"O Chega conseguiu colocar o pobre contra o pobre"

No livro "Por dentro do Chega - a face oculta da extrema-direita em Portugal", o jornalista Miguel Carvalho mergulha nos bastidores do partido, desde as suas origens, recorrendo a documentos internos e testemunhos de antigos e atuais dirigentes ou militantes.

Teresa Borges - Antena 1 /

Miguel Carvalho - Facebook

Em entrevista à Antena 1, relata o cenário de “guerra civil interna” que se viveu nos primeiros anos do Chega, o “clima de paranoia” que levou André Ventura a ponderar uma fuga para Marrocos e explica como o partido se está a implementar nas escolas, onde muitas crianças “ainda não votam, mas já têm a narrativa do Chega na ponta da língua”.

“Se o eleitorado do Chega, ou pelo menos uma parte dele, conhecesse a fundo aquilo que é o partido por dentro, jamais votaria num partido como o Chega”, refere Miguel Carvalho, insistindo na necessidade de não se confundir dirigentes, militantes e eleitores. 

“Pela minha experiência, em contacto com centenas e centenas de pessoas que votaram no Chega, tenho um grande respeito por muitas delas, em alguns casos pelas suas histórias de vida”, acrescenta.“Compreendi o que se gerou naquelas cabeças para que a dada altura o Chega parecesse uma opção”.

O jornalista, que investigou ao longo dos últimos cinco anos o partido, relata como, mesmo antes de ser deputado, André Ventura soube capitalizar o sentimento de “descrédito da classe política” e da “falta da palavra dada ao longo de anos”. 

“Foi a zonas do país onde não ia um político há muito tempo. Podia não ter ido lá oferecer grande coisa na altura, não ter propriamente um programa – como acho que ainda hoje não tem – mas as pessoas valorizaram a sua presença e a possibilidade de ter ali alguém que gritaria por elas”, explica Miguel Carvalho. 

Uma aposta que se mantém ainda hoje. “O Chega conseguiu algo que tem, a meu ver, um requinte maquiavélico, mas que é um sinal dos nossos tempos, que é colocar o pobre contra o pobre”, considera o autor.“Pessoas a receber o rendimento social de inserção, mas que não querem que o vizinho do lado, nas mesmas circunstâncias, receba. E o Chega conseguiu, de alguma maneira, harmonizar isto como seu eleitorado, esta inveja do outro”.

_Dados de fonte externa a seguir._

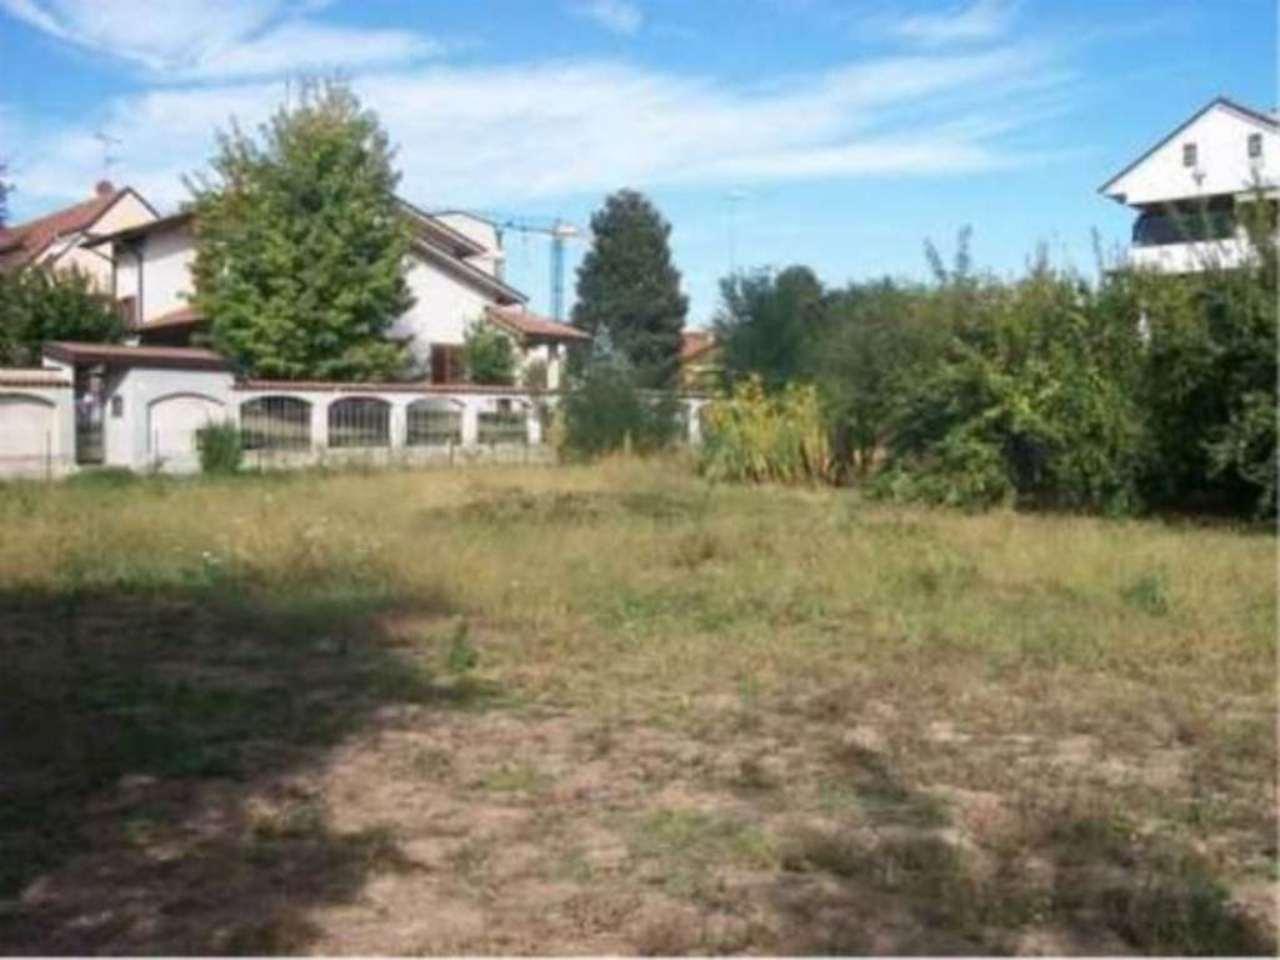 Terreno Edificabile Residenziale in vendita a Bollate, 9999 locali, prezzo € 820.000 | Cambio Casa.it

O livro aborda também os conflitos internos que marcaram os primeiros anos do partido. “Hoje o partido está muito mais domesticado, mais obediente ao chefe. Naqueles primeiros anos, sobretudo até ao final de 2021, tinha alguma contestação interna e alguns opositores que, mesmo não estando em discordância no geral com a direção, consideravam que se estava a caminhar largamente para um clima absolutamente autoritário”, refere Miguel Carvalho. 

Neste período, contam dissidentes do partido ao autor, a gravação de conversas e telefonemas não autorizadas, utilizadas contra adversários internos, era prática recorrente. “Um simples telefonema entre militantes ou entre dirigentes opositores era o pretexto para se gravar a conversa e a conversa sem usada junto da direção para afastar este ou aquele dirigente”, afirma o jornalista, que fala mesmo em matéria de relevância criminal. 

São práticas ilegais. Só de imaginar que um partido como este, à beira de, eventualmente, ganhar umas eleições ou de participar numa governação em coligação, só de um partido com estas práticas pode, por exemplo, ficar com a pasta do Ministério da Administração Interna, que gere os dossiers mais complexos, confidenciais e secretos do governo português, é absolutamente assustador”, reforça o jornalista.

Nas livrarias desde 15 de setembro, o livro “Por dentro do Chega - a face oculta da extrema-direita em Portugal” é lançado este domingo, 21 de setembro, na Casa do Comum, em Lisboa. A apresentação está a cargo de Isabel Duarte, Teresa Violante e Tiago Rodrigues.